Anne Beeker from the Netherlands asks:
What exactly is the difference between to hire and to rent? I know American English uses to rent whereas British English uses to hire, but I thought there might also be a difference between what you can hire and what you can rent. 'Hire a help' but surely not 'rent a help'?? 'Rent a car', but not 'hire a car'?

Erica from Hong Kong asks:
I want to know the difference between ‘rise’ and ‘raise’.

Sanjay Mishra from India writes:
When I return from my place of work on a automotive two-wheeler (like a scooter or a motorbike), do I drive back or ride back?

Roger replies:more questions

hire or rent?

The meaning is the same: to rent or hire something, you pay money in order to be allowed to use it for a limited amount of time. It is simply a matter of usage. With some nouns you can use one or the other – it doesn’t matter which as both are freely used. You can: rent or hire cars, bikes, electronic equipment:

  • 'We rented a TV and video as we intended to stay in England for only six months.'

  • 'If you’re planning to go to Cambridge for the day, hire a bike when you arrive. It’s the best way to get round the town.'
With other nouns it is customary in British English to use one and not the other. We would: rent a flat, caravan, cottage, house:
  • 'I rented a cottage by the sea for the summer.'

  • 'He rented me his flat in London while he was on holiday in Greece.'

(However, note the difference in use, depending on whether it is used as a verb or a noun: ‘flats to rent’, but ‘bikes for hire’)

 

We hire some help (i.e people), tools, equipment:
  • 'I had too much to do on the farm, so I decided to hire some help three mornings a week.'

  • 'The police enquiries were making no progress, so we decided to hire a private detective.'

  • 'I was painting the outside of the house and had to hire a tall ladder to get to the top.'

rise or raise?

Two verbs which are similar in meaning: to move to a higher position.

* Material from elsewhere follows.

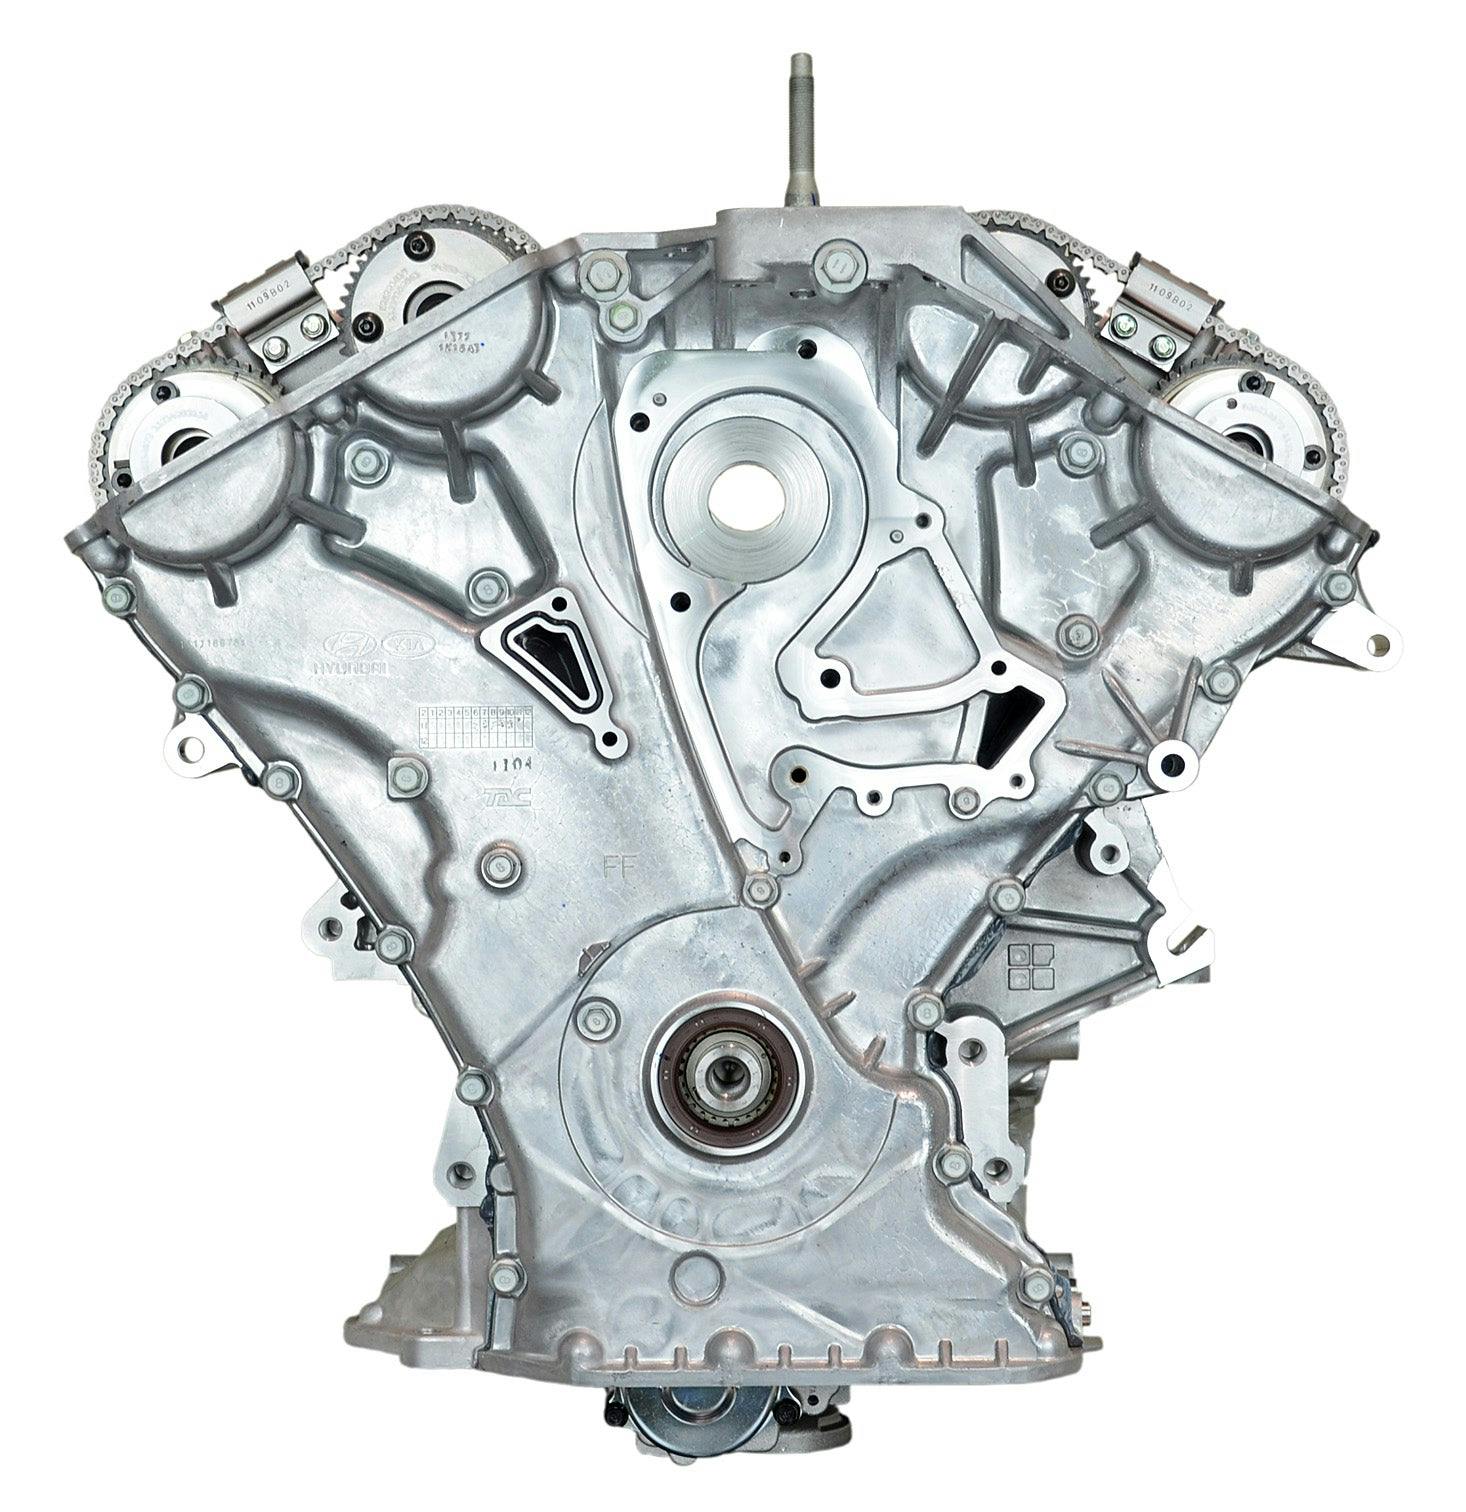 3.5L V6 Engine for 2010-2011 Hyundai Santa Fe/Kia Sedona, Sorento

The essential difference is that raise is a transitive verb which needs an object to complete its meaning and rise is intransitive, it functions without an object and is sometimes followed by a phrase of time or place. Compare the following:

  • 'The sun rises in the East and sets in the West.'

  • 'I rise (i.e. get up) at six o’ clock every weekday morning in order to be at work by seven.'

  • 'He rose (i.e. stood up) to greet her.'

  • 'I raised my hand because I wanted to raise a question, but he took no notice of me.'

  • 'If you are raising a family as a single parent, you shouldn’t try to work full-time.'

  • 'My child was ill and I had to raise money to pay for the operation.'

drive or ride?

Anything with four or more wheels (like a car, a bus, a lorry or a train) we drive; anything with two wheels or that we straddle (like a horse, a bike, motorbike or scooter) we ride, (even though you need a driving licence to ride a motorbike. In a recent court case, a judge in Britain has ruled that riders of go-peds – those tiny scooters which have a very small engine at the back – will also need to have a driving licence to ride them on the roads.)

Consider the following:
  • 'I had never driven such a powerful car before.'

  • 'I hadn’t ridden a bike for over twenty years and wondered if I would remember how to.'

Note that when we are passengers rather than drivers, we ride in cars and trains, but we tend to ride on buses.